The priority review voucher (PRV) programs, created by Congress with an eye to incentivizing the development of new rare pediatric and neglected tropical disease drugs, have so far rewarded a wide range of small and large biopharma companies and products, though whether PRVs have actually spurred new research remains a question.

Andrew Robertson, head of regulatory science and policy at Sanofi, and Rachel Cohen, regional executive director for the Drugs for Neglected Diseases initiative (DNDi), which recently won a PRV in a collaboration to register a Chagas disease treatment, discussed with Focus what is to come and what has transpired so far in the two nearly decade-old PRV programs.

One of the most recent developments has been the creation of a third PRV program for medical countermeasures (MCMs), adding to the pile of indications eligible for winning the lucrative reward, which can be purchased (so far for between $67 million and $350 million) and used to speed the review of a new drug, usually a potential blockbuster.

As more PRVs come to market, the price that a PRV sells for was expected to and has declined, though with that decline, transparency on which vouchers are available for sale has also leveled off. But will the prices continue to fluctuate from the high of $350 million in 2015 to the more recent ones sold for about $100 million?

Robertson told Focus that the MCMs "would have a limited impact on the voucher" programs on the whole, "at least in the short term. Looking at projects currently in the pipeline, I think it’s reasonable to guess around 4 or so PRV-eligible approvals over the next 10 years," he said, which "shouldn’t drop the price too much."

The rare pediatric disease (RPD) PRV, though, will have a big impact over the next ten years, he said, noting, "If current trends hold, we should see between 35 and 40 RPD PRVs over the next 10 years. This is what would cause the most significant drop in value."

So why are there more PRVs awarded to rare pediatric disease treatments and companies than those for neglected tropical diseases?

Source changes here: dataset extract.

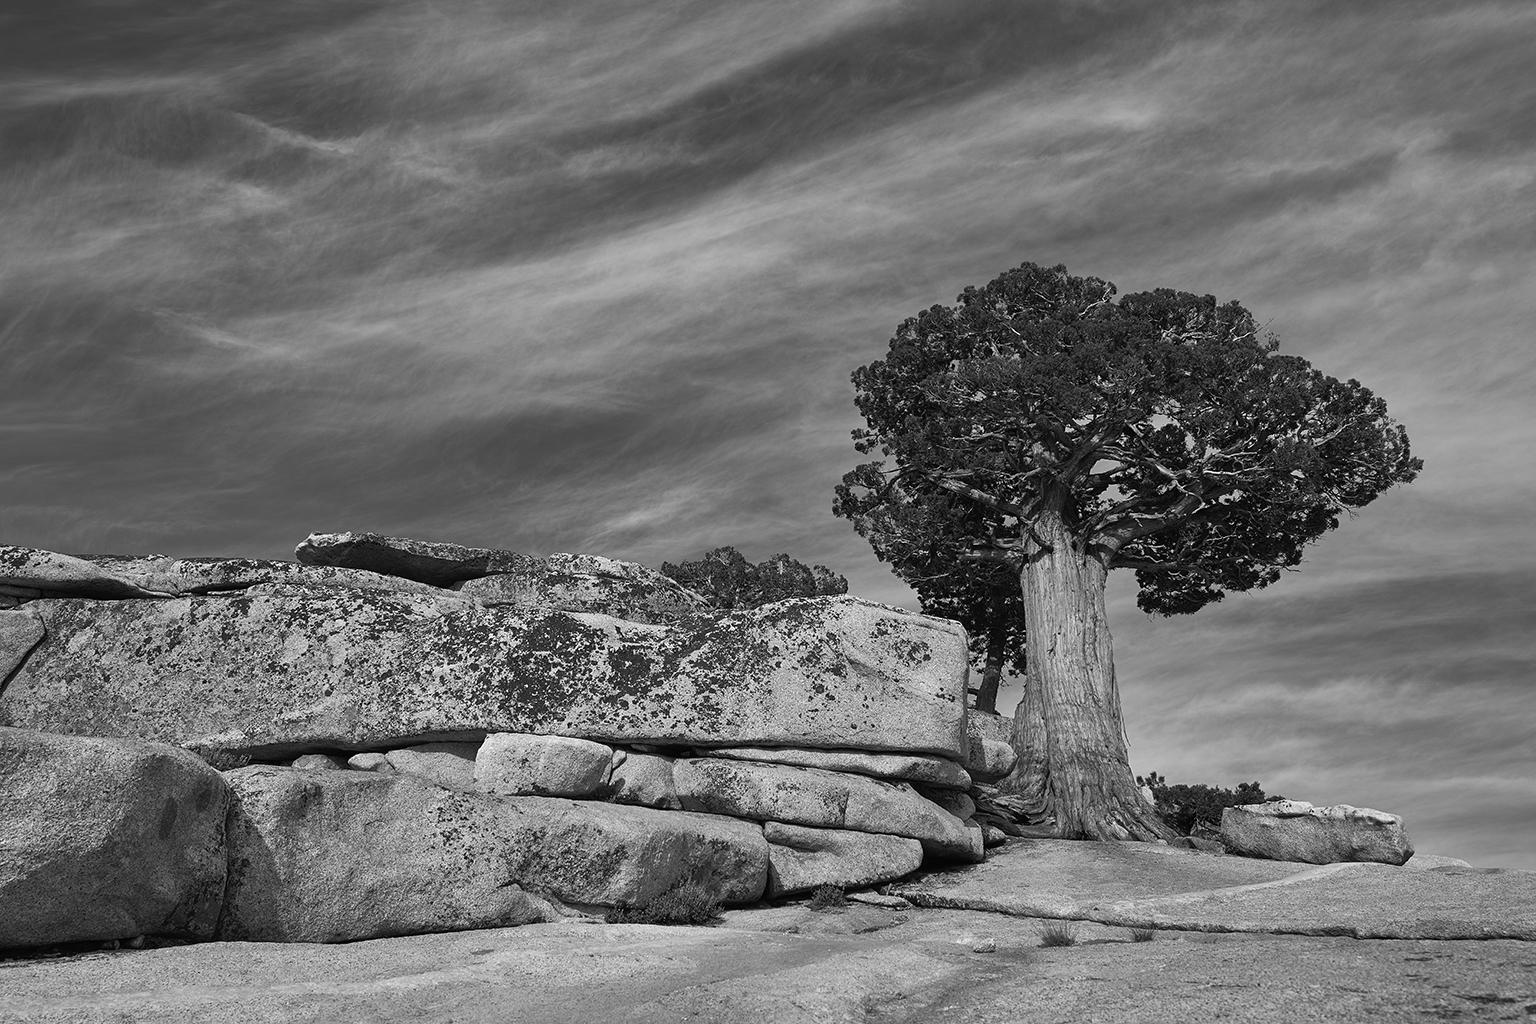 Étude d'arbre IV - photographie grand format b/w d'un arbre ancien solitaire dans un paysage

The discrepancy may not be a sign that the PRVs have necessarily spurred more research in one disease area more than in another.

Robertson noted that for rare pediatric diseases, "Many of the products were in the pipeline before the incentive was even passed into law – while some rare pediatric drugs may have relied on the PRV as an incentive, there is a strong reason to believe that several did not."

DNDi’s Cohen also explained to Focus that of the neglected tropical disease PRVs awarded, she’s seen variability among products in terms of whether original research was conducted by the companies winning the PRV, and if the drugs have been made accessible and affordable.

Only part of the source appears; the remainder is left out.